*** Begin section ***

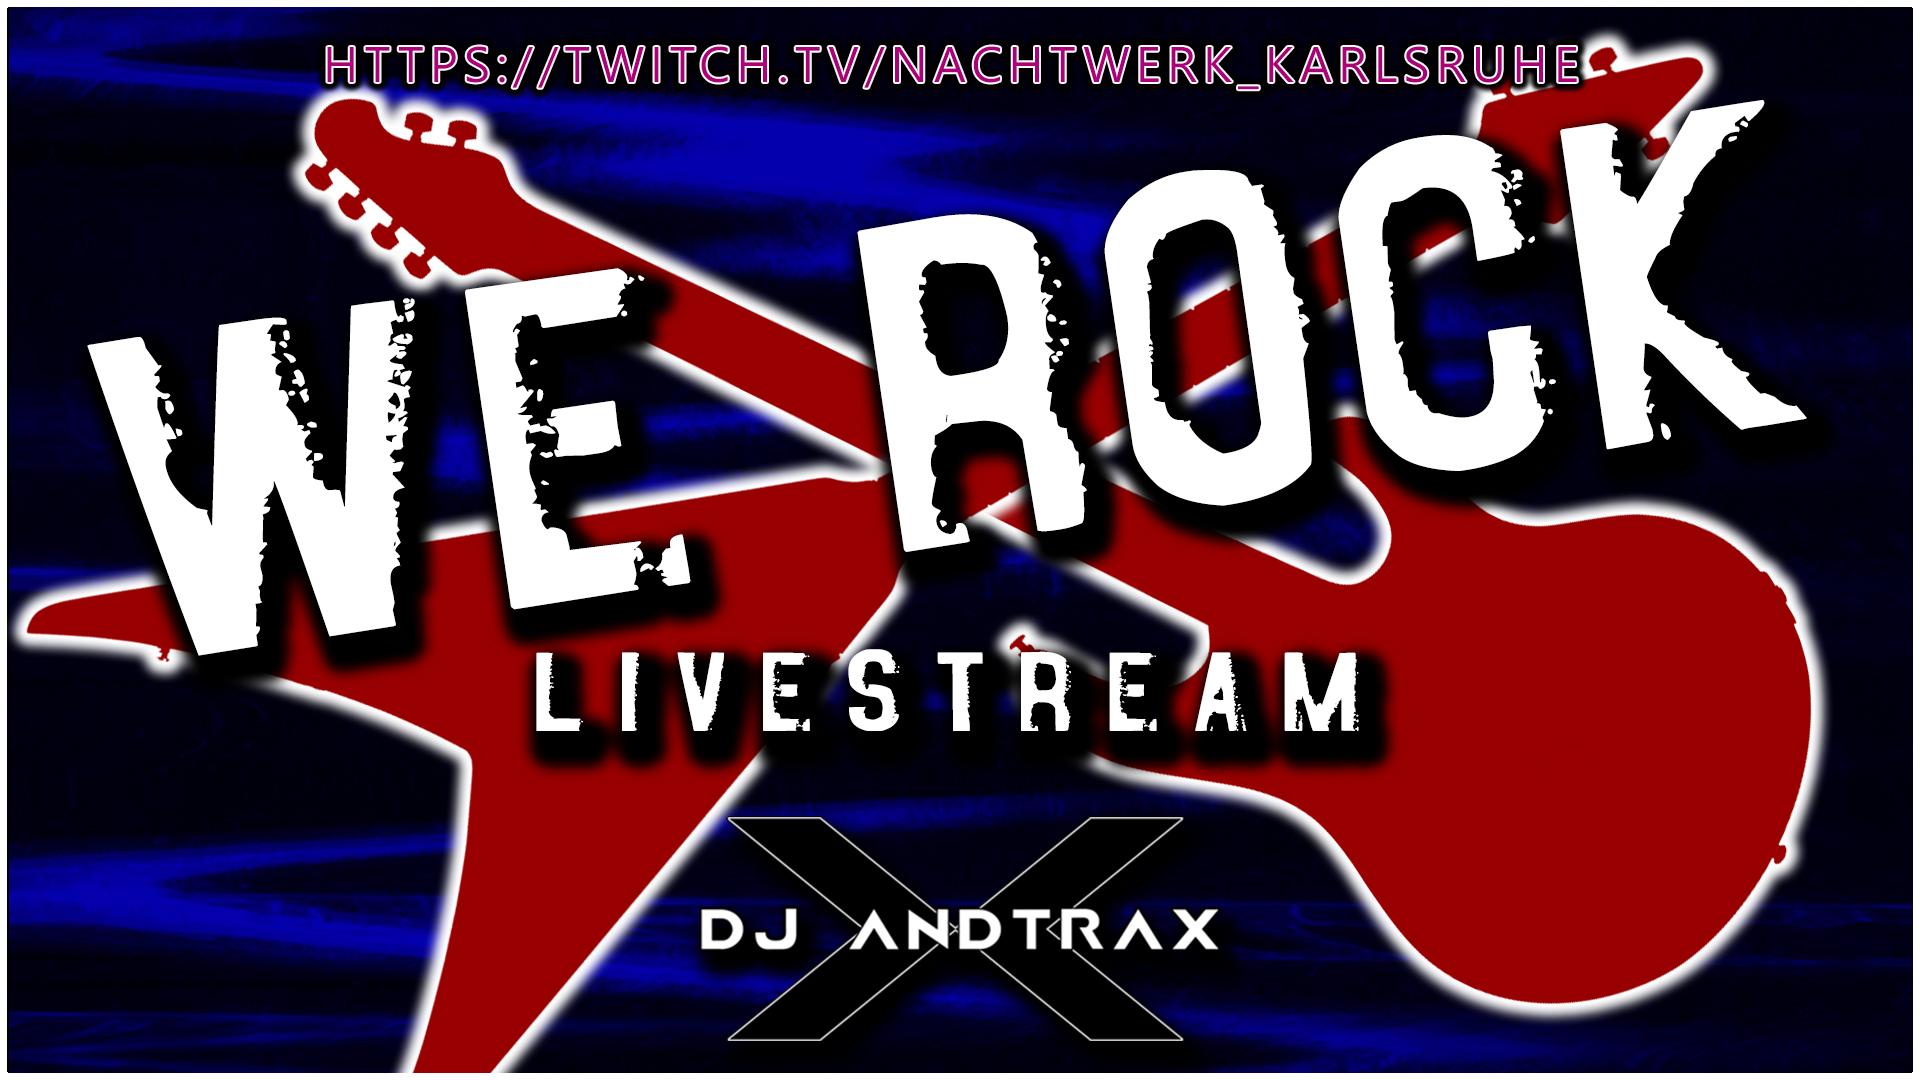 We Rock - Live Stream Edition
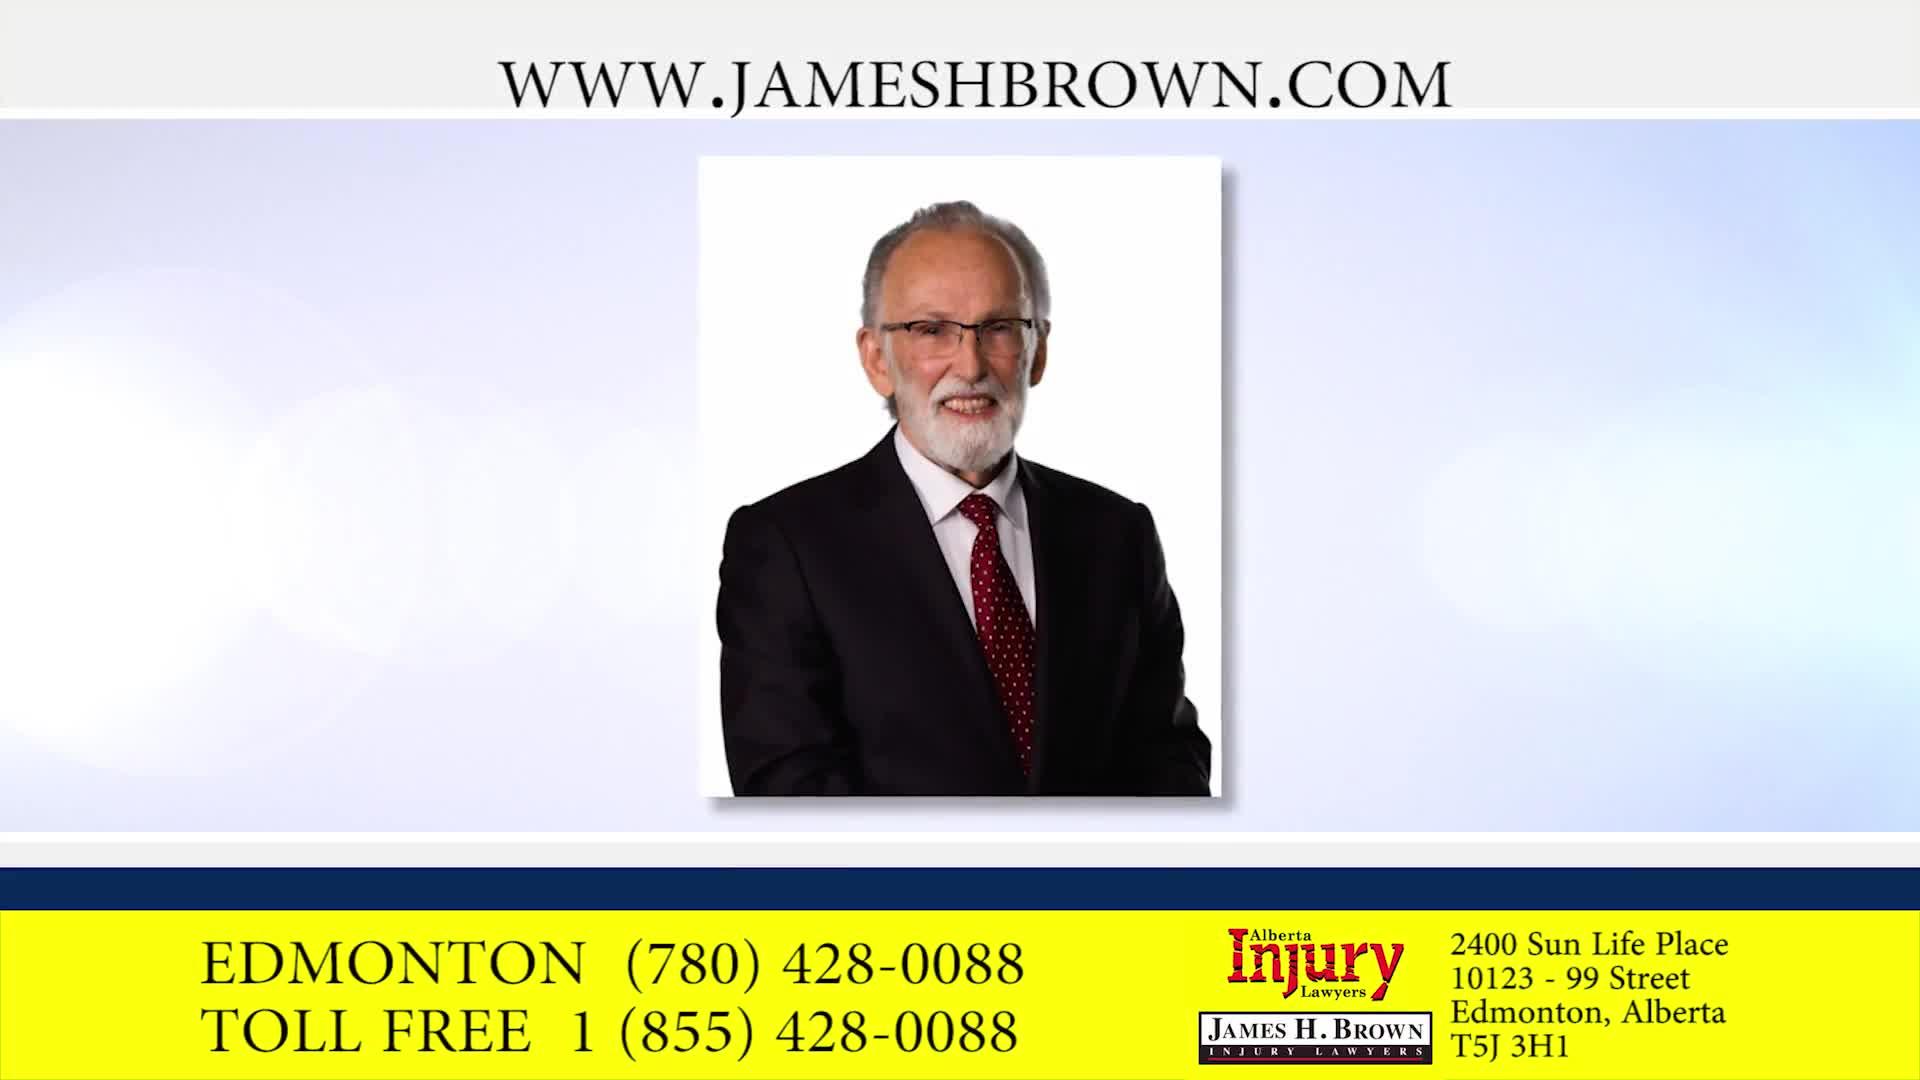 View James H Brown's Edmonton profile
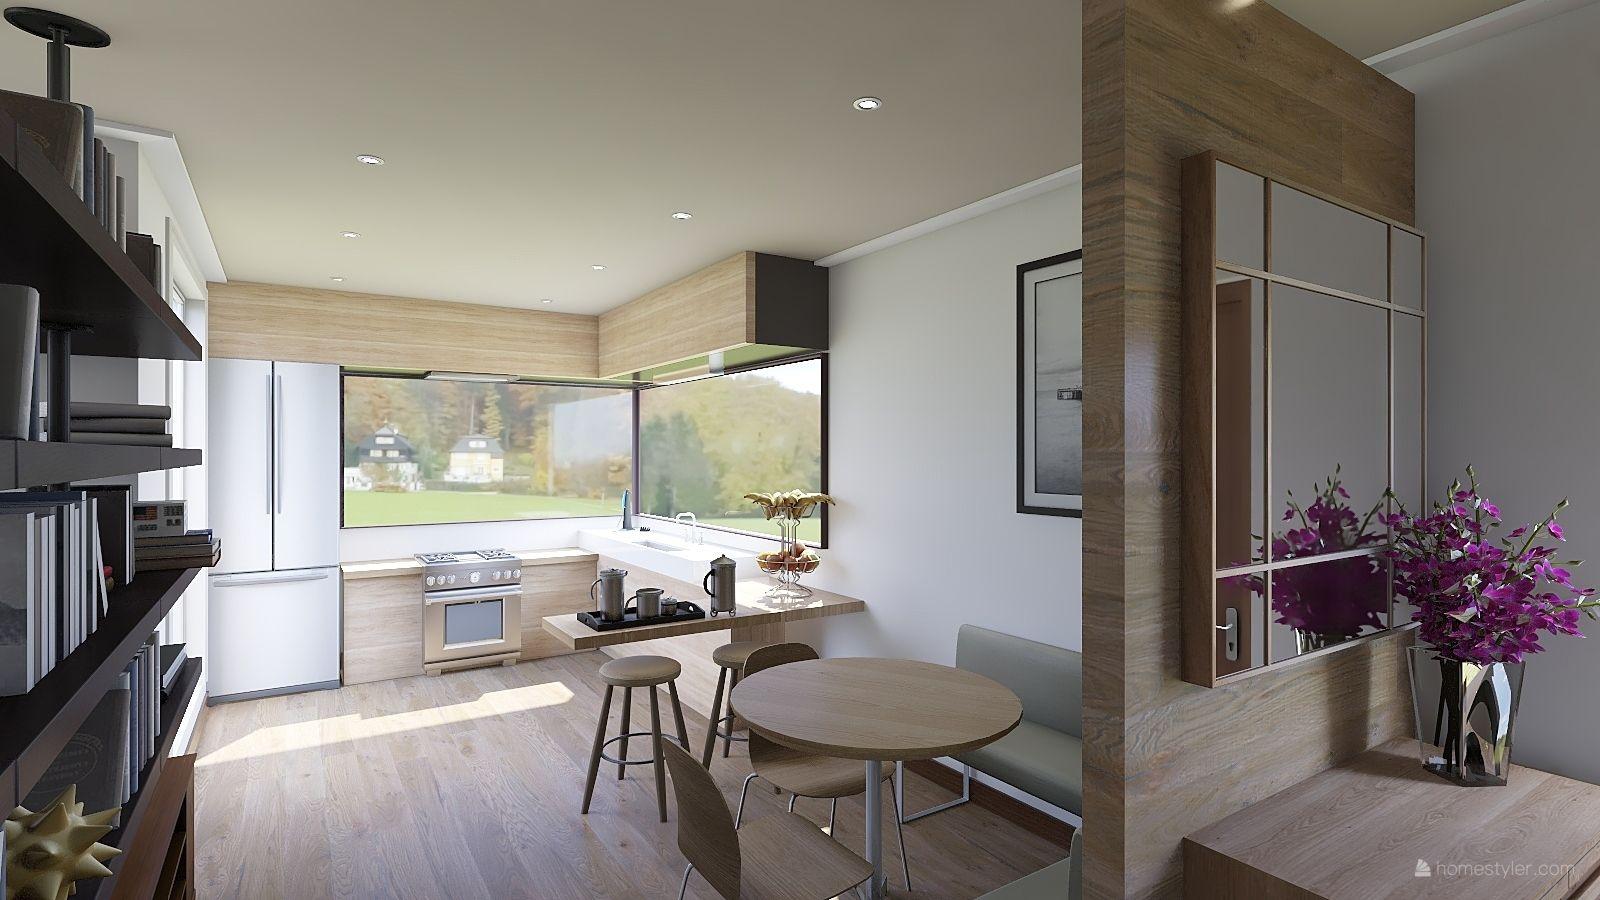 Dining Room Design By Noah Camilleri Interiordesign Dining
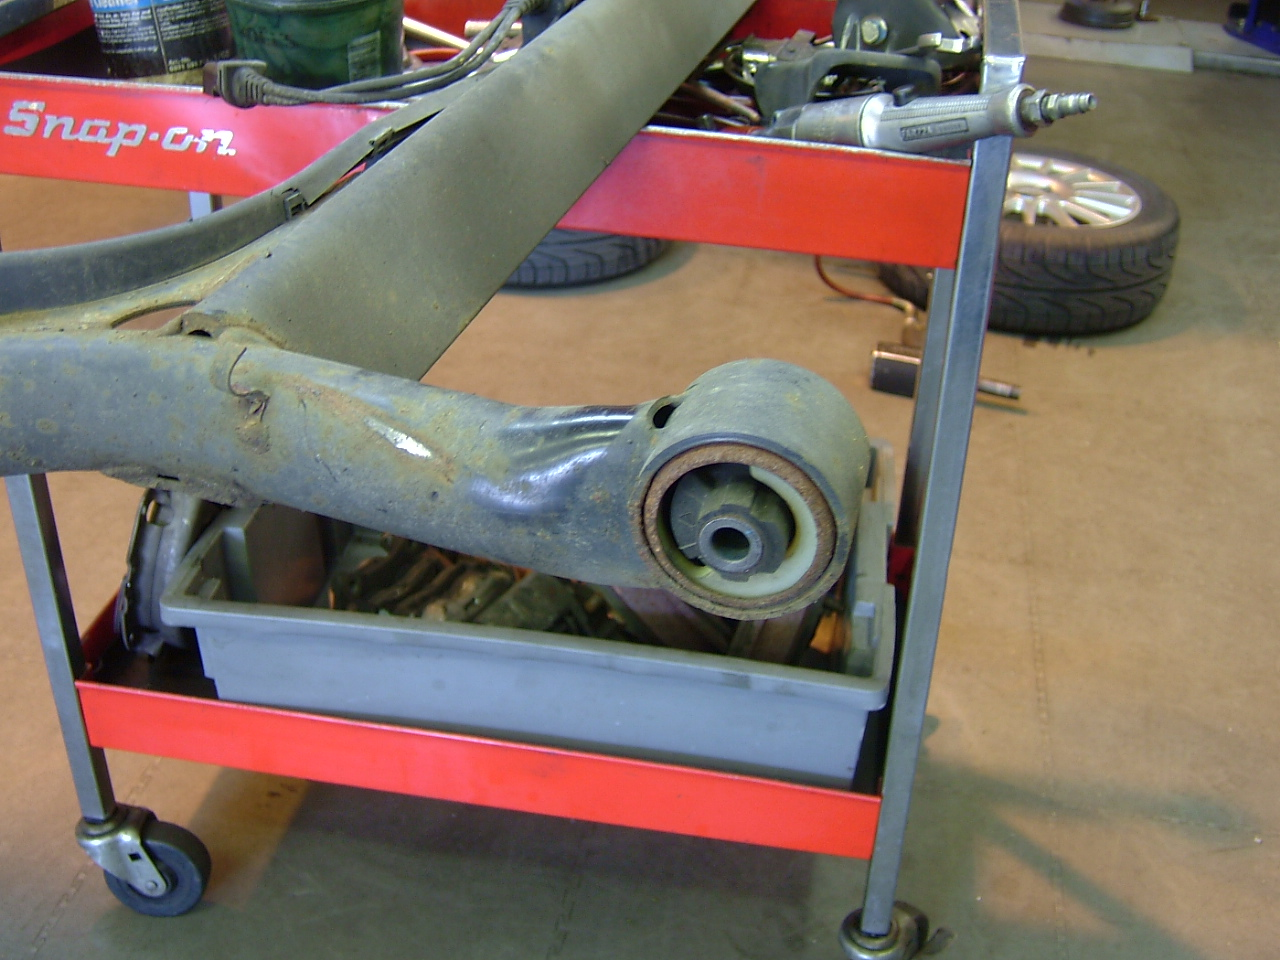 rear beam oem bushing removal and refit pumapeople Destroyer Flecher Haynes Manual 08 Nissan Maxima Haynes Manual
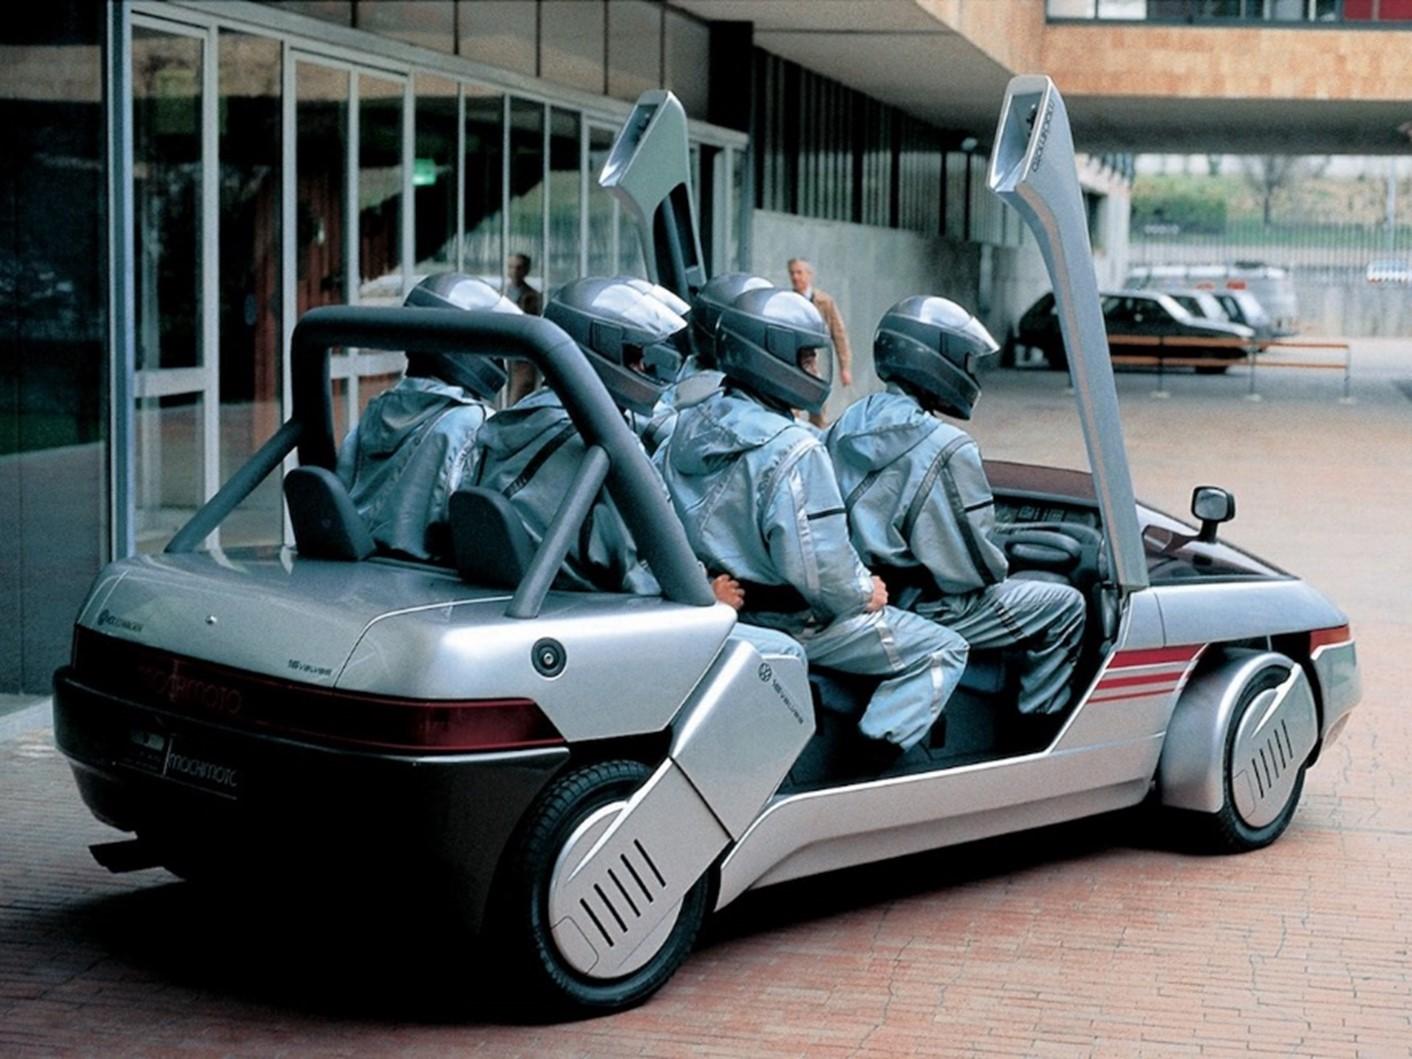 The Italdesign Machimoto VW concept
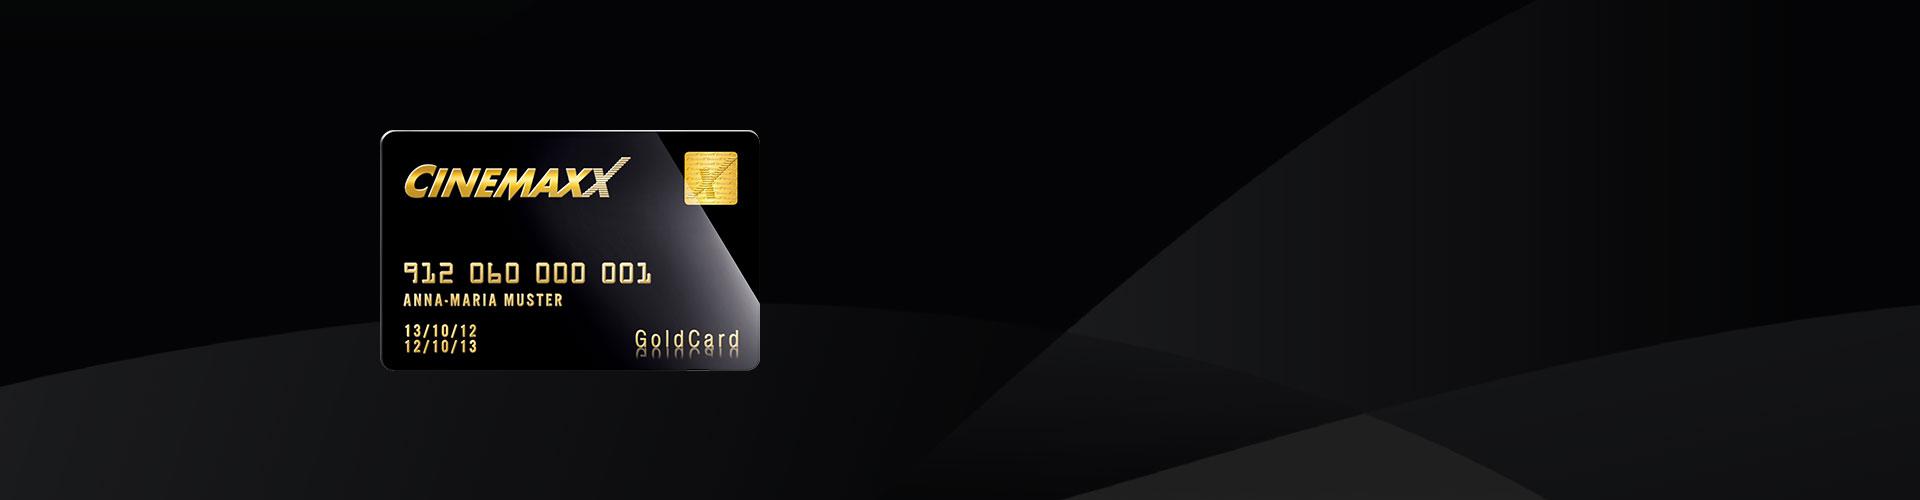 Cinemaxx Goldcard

*** End section ***

**Exercise aim:**
Reproduce, exactly and without pictures, the lines above from the one containing "rear beam oem" through the last line of the material, both ends included, and nothing more.

**Finished task:**
 rear beam oem bushing removal and refit pumapeople Destroyer Flecher Haynes Manual 08 Nissan Maxima Haynes Manual
 The Italdesign Machimoto VW concept
 Cinemaxx Goldcard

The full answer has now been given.